LDN: What are the hallmarks of that place? Of vanishing Southern culture?

RP: It’s just a quality of landscape that for the most part is sort of mournful. Landscapes speak to us in certain ways and can film as a character in the film, in a sort of way. It’s a luminous and mysterious place that has a haunted quality to it. It’s kind of heavy.

LDN: What were your intentions, other than making a piece of art? Who were you hoping your audience would be?

RP: I kind of made it for myself. It was stuff I carried around with me for a long time. I wanted to see it in a filmic setting, in a filmic context in a theater, maybe to answer some questions for myself. You can see there’s things that come out of the film that aren’t necessarily flattering. There’s sort of an antagonism toward the city, or a fear of the city. I came by that honestly. I just wanted to make something beautiful that people would enjoy and would give them an experience that would make them think and give them an aesthetic experience that would give them pleasure.

LDN: What do you think Georgians, both as residents, and officials, what should we be doing to protect that vanishing heritage? What can we do better, in your opinion?

RP: I really don’t know. I really don’t know. I’m pretty fatalistic about how that’s going to turn out. Georgia has never had, in my opinion … travel to the Research Triangle area of North Carolina. There are no billboards on the interstate. The McDonald’s, the sign for it is about 20 feet high instead of 45 feet high. There’s some kind of sensibility that’s available, but we don’t have. We don’t have it in Georgia. It’s all sort of a free-for-all. I’m not a city planner or an architect, or a preservationist, but it’s funny. If you were to talk to people in Atlanta, the people in Atlanta are more likely to have a preservationist sensibility than people in the country. I’m just … maybe because they have a higher level of education, which I hate saying that, but if you look at politics, look at the politics of “the other Georgia” versus the politics of the urban areas. Georgia has just been kind of … since reconstruction sort of prone to get up the ladder. And frankly, I’d rather see a lot of jobs throughout southern Georgia and better education than I’d like to see state parks and beautiful vistas.

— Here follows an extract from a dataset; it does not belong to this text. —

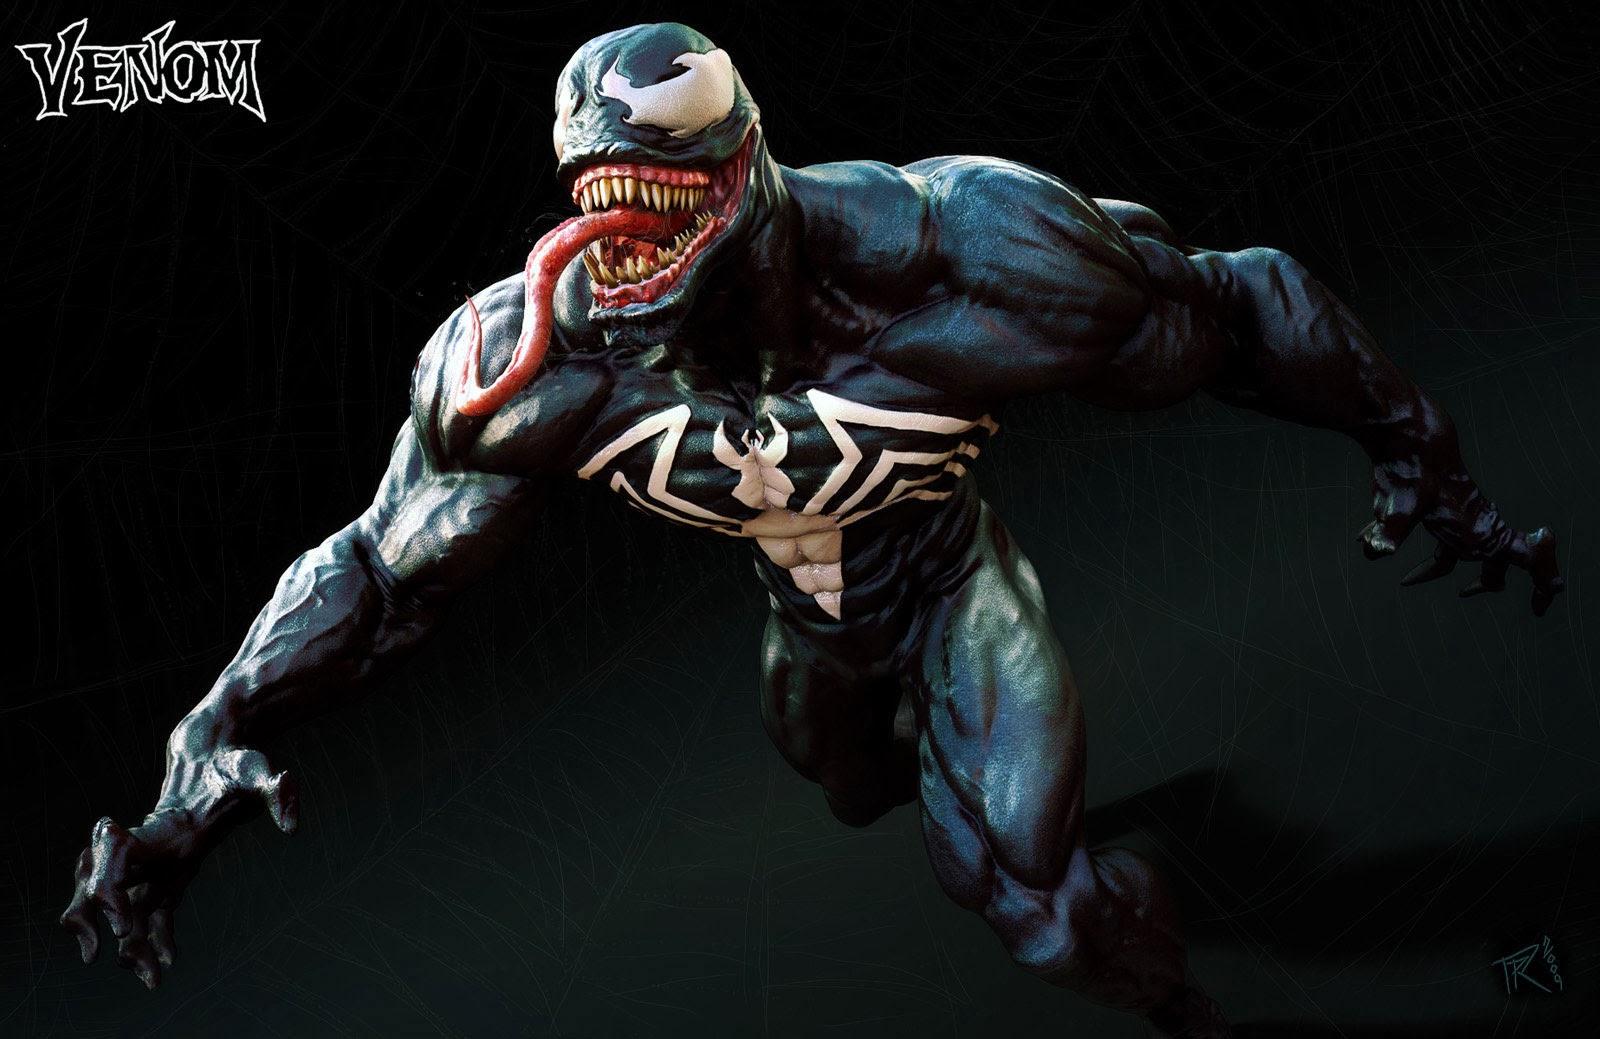 Spider Man 3d Live Wallpaper Sony Lanzar 225 Pel 237 Cula Sobre Venom Uno De Los Villanos M 225 S

LDN: That seems to be at odds with the whole vision of your film. Do you think … how do you marry that?

RP: It’s people versus ideas. People who live in poverty, they’re suffering there and cause problems for society. Education and jobs is how you help people have a better life. There’s a price to be paid for that. Maybe smart people, who are on your panel, will be willing to have the kind of political arguments that you have to have to strike a balance. I think a big part of the film that I made is to also serve as a sort of requiem, as if it’s dead already, and how to cope with that.

LDN: The title of your film, is that taken from (Confederate) General (Robert E.) Lee’s surrender address at Appomattox (which ended the Civil War)?

RP: Yes, if you understand that document, you could say it’s simply a letter of surrender, announcing the terms of surrender of the Army of Northern Virginia. I like to use titles in my films that are indirect or possibly misleading, or give another perspective. If the title is a letter of surrender, the film is in the mood of a spiritual surrender.

LDN: Is there anything else you’d like to say, or add?

RP: I did the best I could. I could talk about it all day, but I came up with what I could come up with.

LDN: I appreciate you speaking with me.